Leipzig - Der spektakulärsten Trainer-Rochade im deutschen Fußball um Hansi Flick und Julian Nagelsmann steht noch eine Rekordablöse im Weg. Bis zu 30 Millionen Euro soll der FC Bayern an RB Leipzig bezahlen, um Lieblingslösung Nagelsmann als Flick-Nachfolger präsentieren zu können – eine Dimension, wie es sie noch nie auf dem Trainermarkt gegeben hat. Laut dpa-Informationen vom Montag nahmen die Münchner Kontakt zum härtesten Liga-Konkurrenten auf. Nagelsmann, der sich mit den Bayern offenbar einig ist, soll um die Auflösung seines Vertrags gebeten haben. Flick, dessen Abschied von Bayern vor dem Vollzug steht, wird im Sommer als Nachfolger von Bundestrainer Joachim Löw erwartet.

Müssen die Bayern über 70 Millionen Euro an Leipzig überweisen?

Am Montag tagten die Münchner Bosse wie regelmäßig üblich an der Säbener Straße. Dass das Gremium um Vorstandschef Karl-Heinz Rummenigge der Bitte ihres Erfolgstrainers nach einer Auflösung des bis 2023 laufenden Vertrags in diesem Sommer nicht entspricht, ist nahezu ausgeschlossen.

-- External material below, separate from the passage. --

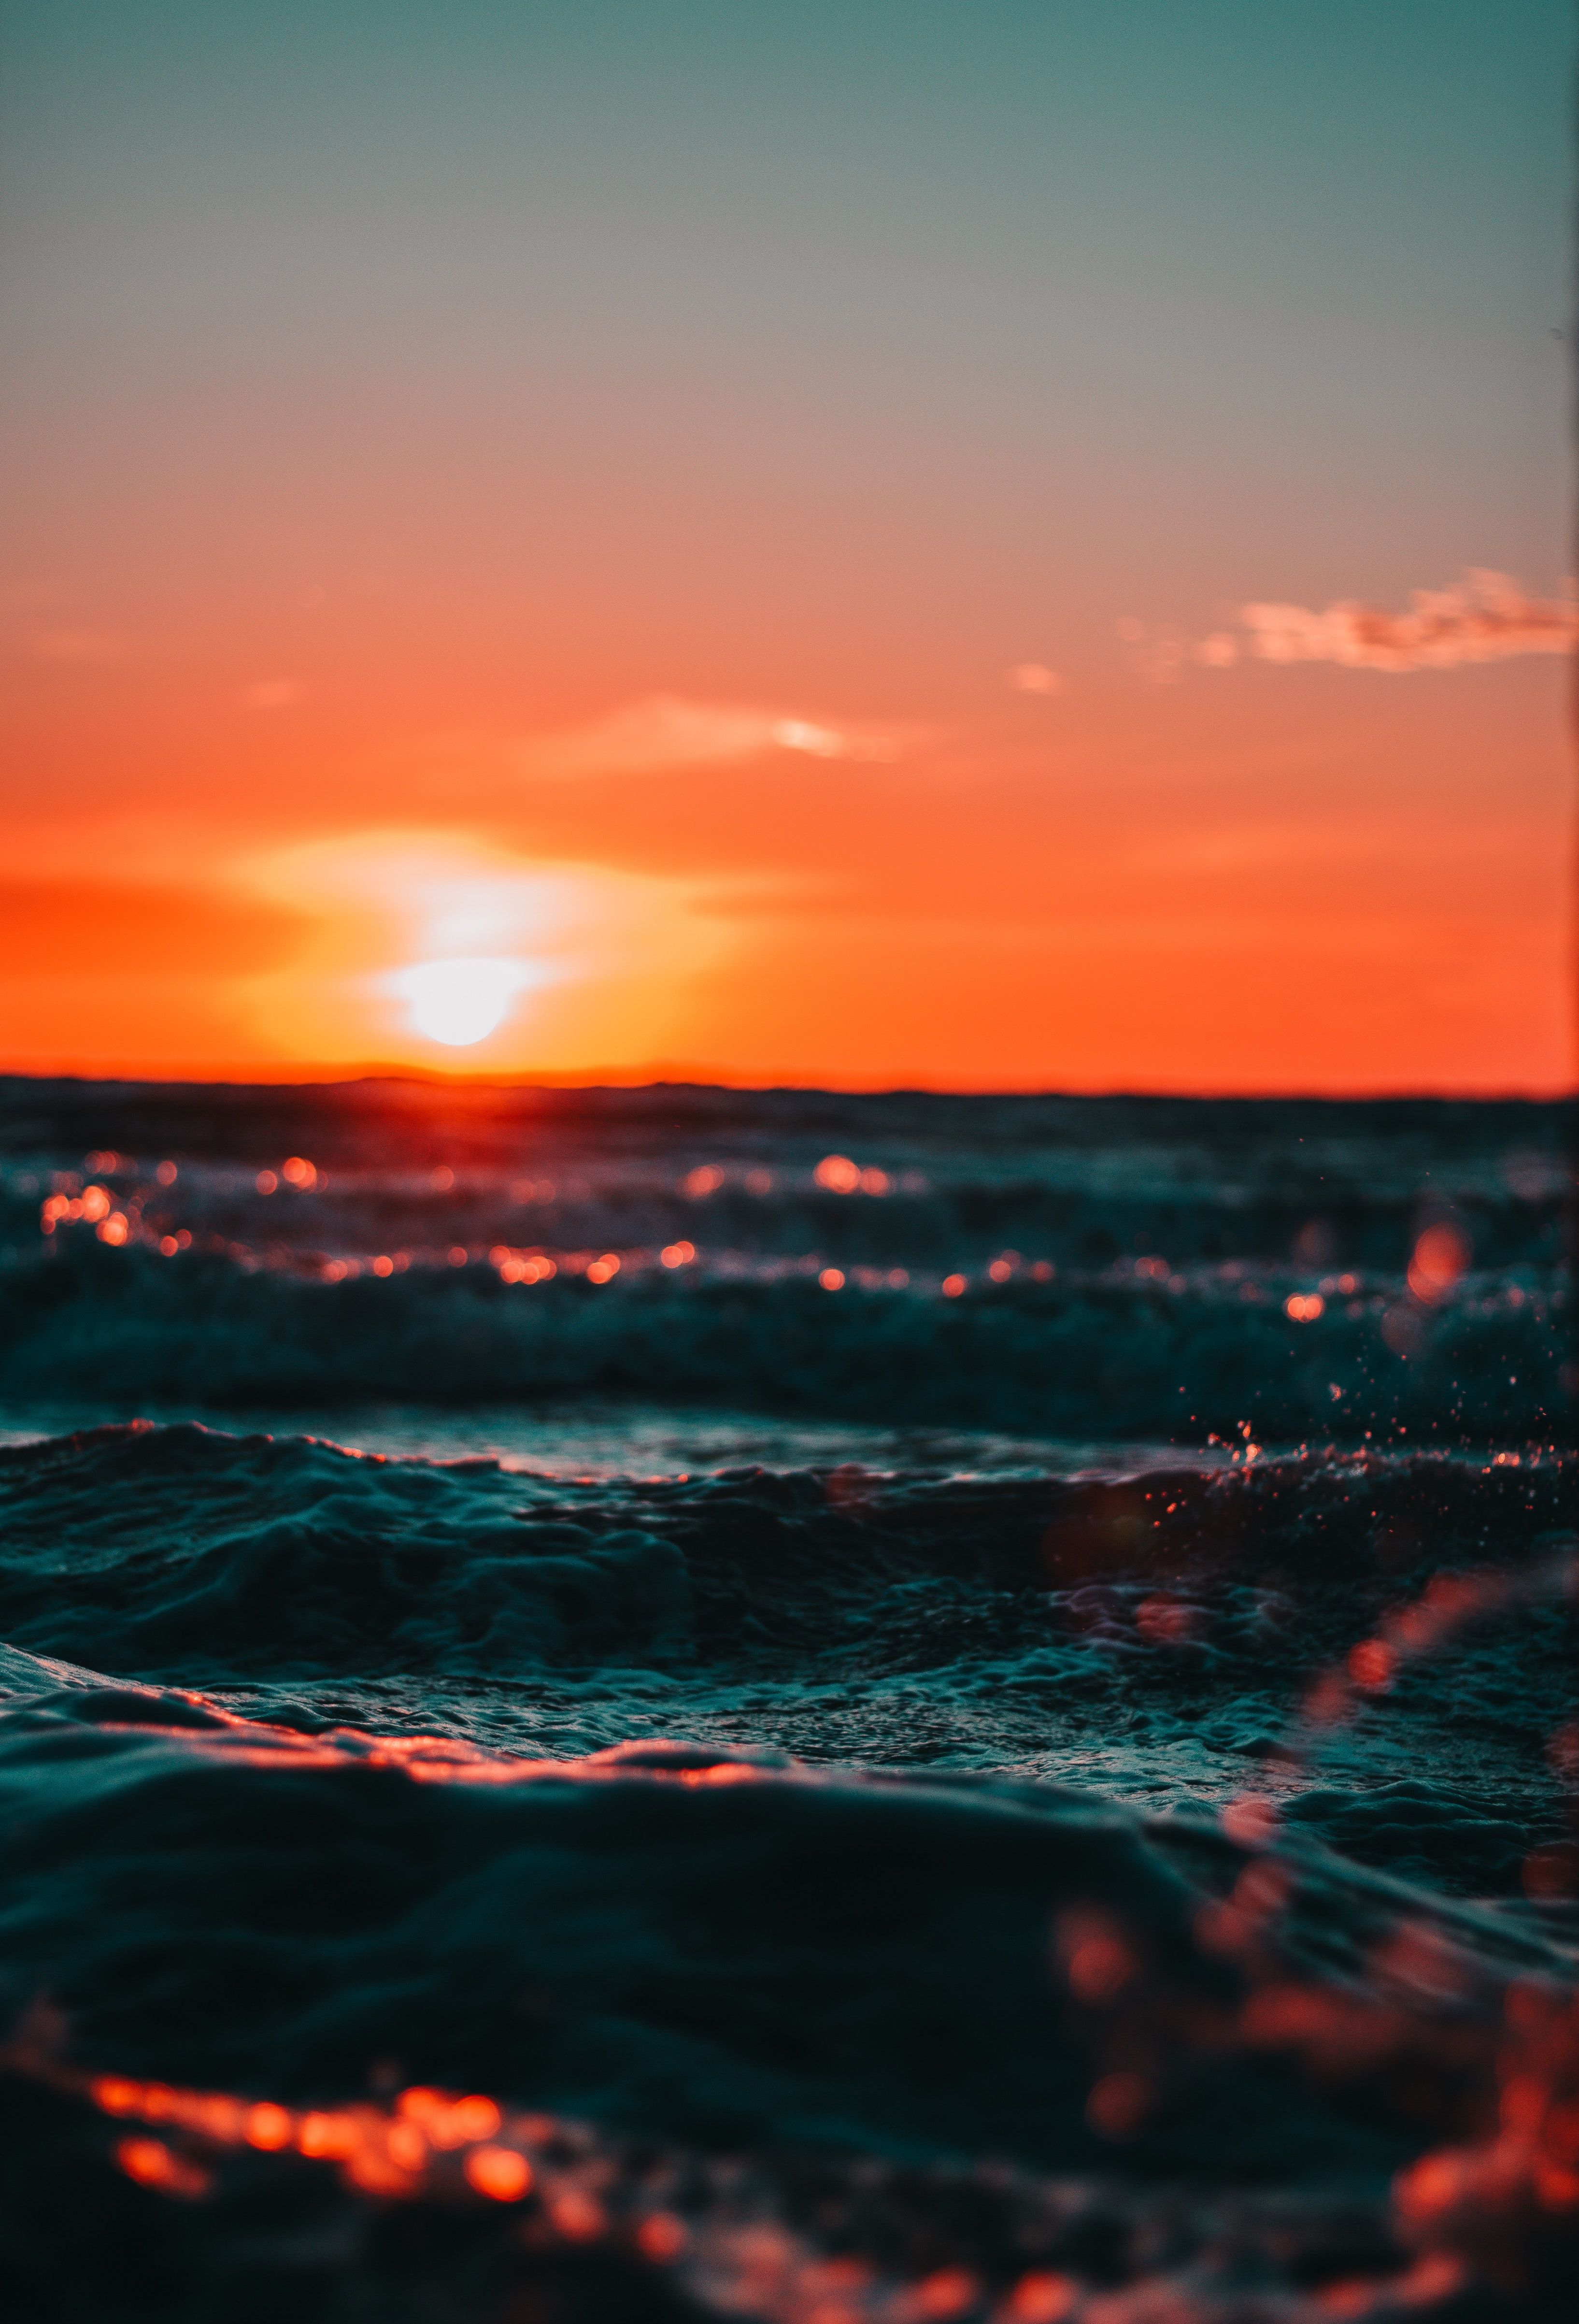 A sunset over the ocean with the sun setting behind the waves - Sunset, sun, ocean

Rummenigge will aber eine Lösung, mit der „alle Parteien“ zufrieden sind. Also auch der FC Bayern, der vor einem teuren Sommer steht. Der Verein erwartet daher Zugeständnisse des 56-jährigen Flick, der in zwei Wochen die deutsche Meisterschaft als siebten Titel seiner Ära klarmachen will. Bis dahin dürfte eine Einigung mit Flick fix sein. Und mit Leipzig?

Ein harter Poker steht bevor zwischen München und Leipzig

42,5 Millionen Euro müssen die Münchner bereits für Innenverteidiger Dayot Upamecano an Leipzig bezahlen. Dass nun weitere 30 für Nagelsmann und damit insgesamt 70,25 Millionen Euro an den Emporkömmling fließen werden, ist schwer vorstellbar. Denn in finanziell schwierigen Corona-Zeiten kalkuliert der FC Bayern mit einem Umsatzverlust von 150 Millionen Euro. Eine Einnahme im Sinne einer klassischen Ablösesumme für Flick im Falle eines Wechsels zum Nationalteam hat der DFB bereits ausgeschlossen.

Ein harter Poker steht bevor, bei dem möglicherweise auch die Club-Oberen Uli Hoeneß und Dietrich Mateschitz Einfluss nehmen könnten. Der Bayern-Patron und der Getränke-Milliardär schätzen sich, bei einem kostspieligen Sporthallenprojekt in München machen die beiden schon gemeinsame Sache.

Eine Ausstiegsklausel hat Nagelsmann nicht. Er hatte stets betont, dass für ihn ein vorzeitiger Wechsel nur mit Zustimmung von RB in Frage käme. Zum Leipziger Leidwesen steht der Abgang einer weiteren Führungskraft schon fest: Verein und Sportdirektor Markus Krösche beenden „einvernehmlich“ die eigentlich bis Sommer 2022 geplante Zusammenarbeit.